Begin searching for areas that are on the deeper edge of the first dropoff from the shoreline. For example, if the water drops off to fifteen feet deep, twenty feet from the bank, that is where I would begin my search. Try to find slight differences to which the fish can relate. Whether it is a log, boulder, or a depression in the lake bottom, it does not matter as long as it is something that is different from the surroundings. When you find these areas, be sure to mark them on your GPS. If you do not own a GPS use landmarks on the shorelines as references to locate your area again.
After you have located areas that meet the criteria that you are searching for, you need to determine the ideal jig combination for each area. The jig needs to be able to slowly descend vertically into the strike zone. If the area is free from cover such as trees and other items that need penetrated, a small jig will work. Using jigs as small as 1/16th of an ounce, can be deadly during the cold months. If you need more weight, feel free to step it up to 1/8- or ¼-ounce.

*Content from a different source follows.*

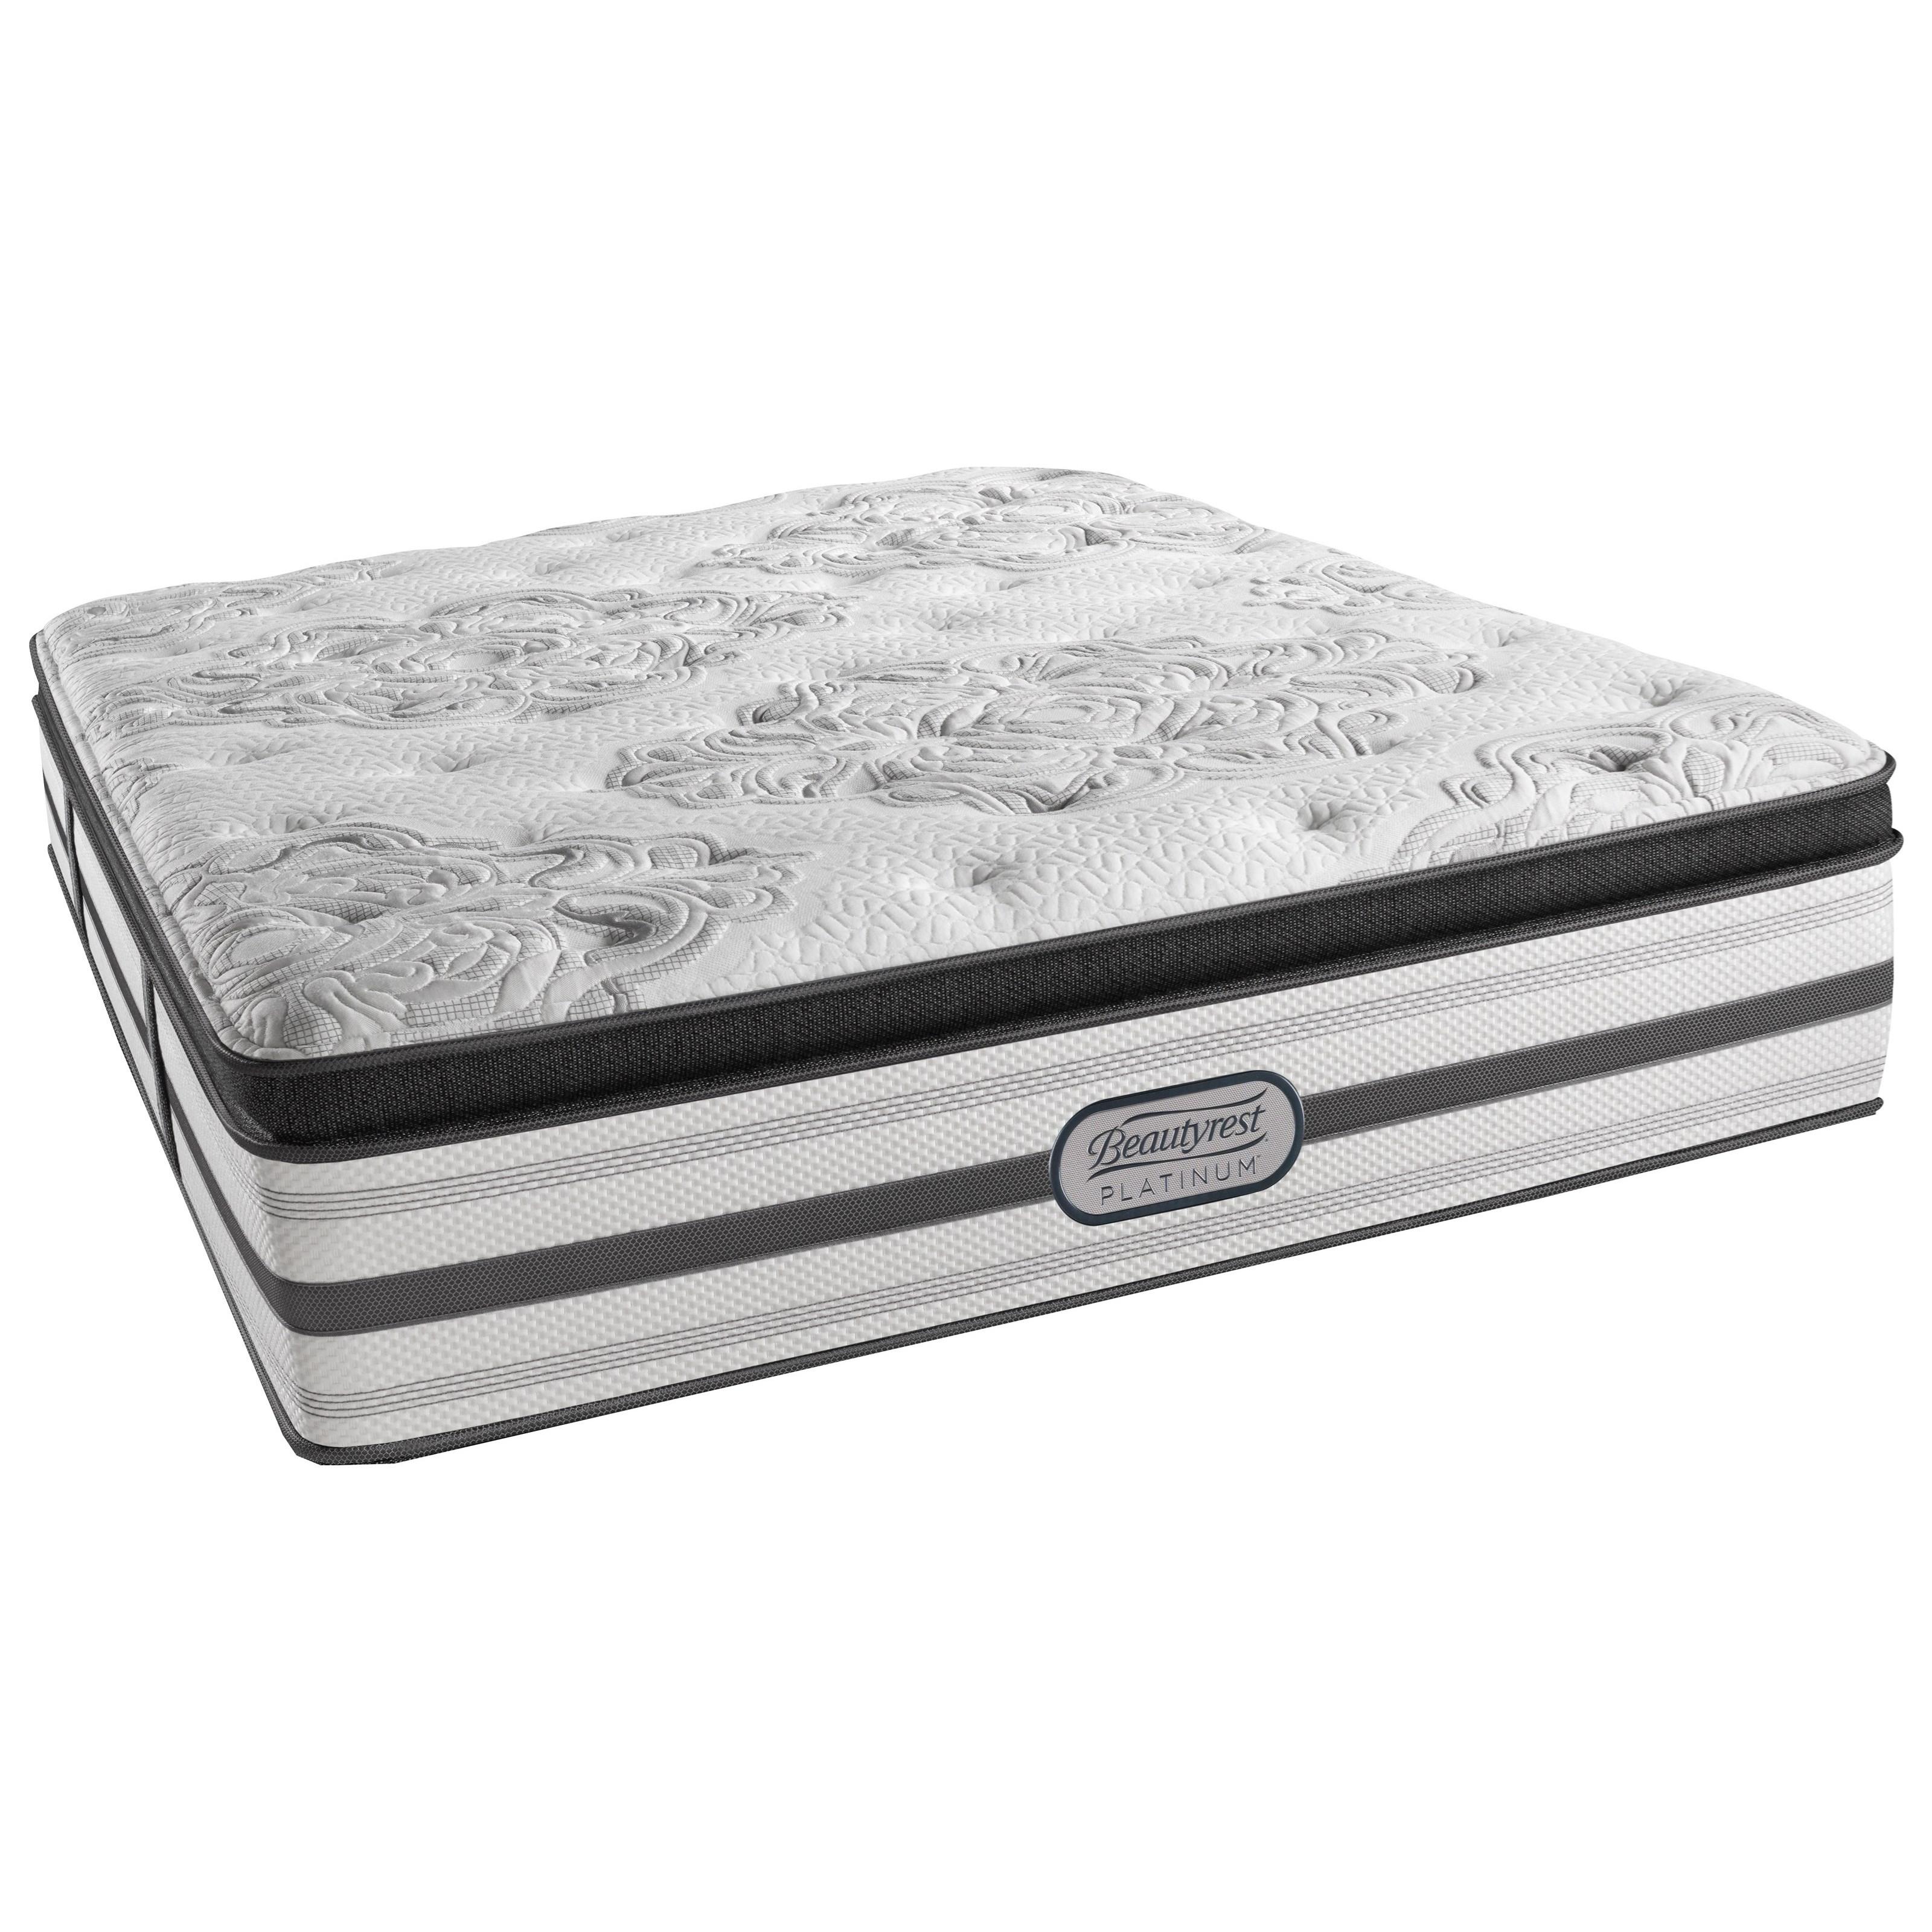 "Beautyrest Platinum Gabriella King Plush Pillow Top 15"" Mattress - Item Number: LV3PLPT-K"

In order for the jig to fall at the correct speed you will need to match it with the right trailer. I prefer plastic crawdads from Gary Yamamoto Custom Baits and plastic jig chunks that are shaped like the old pork trailers. When you need to get the jig to fall slower, you can simply add a bigger trailer. There may be a situation that calls for a ¼-ounce jig to get down to the target. However, the rate of fall is a little to fast when you use a Fat Baby Craw as a trailer. To combat the problem, remove the Fat Baby Craw and add the new Medium Yamamoto Craw. The increased bulk of plastic behind the jig will cause the bait to fall a little slower. This also holds true when using Chunk trailers.

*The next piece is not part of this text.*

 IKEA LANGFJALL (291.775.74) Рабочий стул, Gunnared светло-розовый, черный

Once you find the correct combination of jig and trailer, position the boat far enough off of the drop off to allow you cast far enough to cover whole strike zone. Cast your bait onto the shallow side of the drop off. After the jig hits the bottom, slowly drag and hop the lure towards the target. When you feel the jig drop off the edge, allow some slack in your line so the jig will fall vertically. If you do not provide some slack, the jig will actually fall towards you. Once the bait hits the bottom, be sure to allow the bait to sit still for extended periods of time (up to 15-20 seconds is not uncommon). It is not abnormal for bass to hit the bait once it starts moving after a long pause.
Mentally remind yourself to thoroughly work the entire area. During this time of year, bass often refuse to hit a bait unless it is right in their face. If the bite is extremely tough, do not be afraid to flip the script and position your boat so you are casting towards the deep side and working the jig up the ledge as well. Additionally, if you do pull a fish from one of these targets, do not automatically move on to the next area. If the targets are big enough (e.g., a tree or large boulder) they may hold more than one fish. Be very methodical when dissecting each area. Your persistence will definitely pay off in the long run.
Jig fishing is not going to be technique that produces huge numbers of fish on most outings. What they are widely known for is producing quality fish. The reduced number of bites is often a deterrent for anglers new to jig fishing. They find it tough to build confidence in the bait and/or technique because they are not catching tons of fish. Just remember, in a tournament you can only keep five bass. You might as well catch five good ones and jig fishing is the way to do it.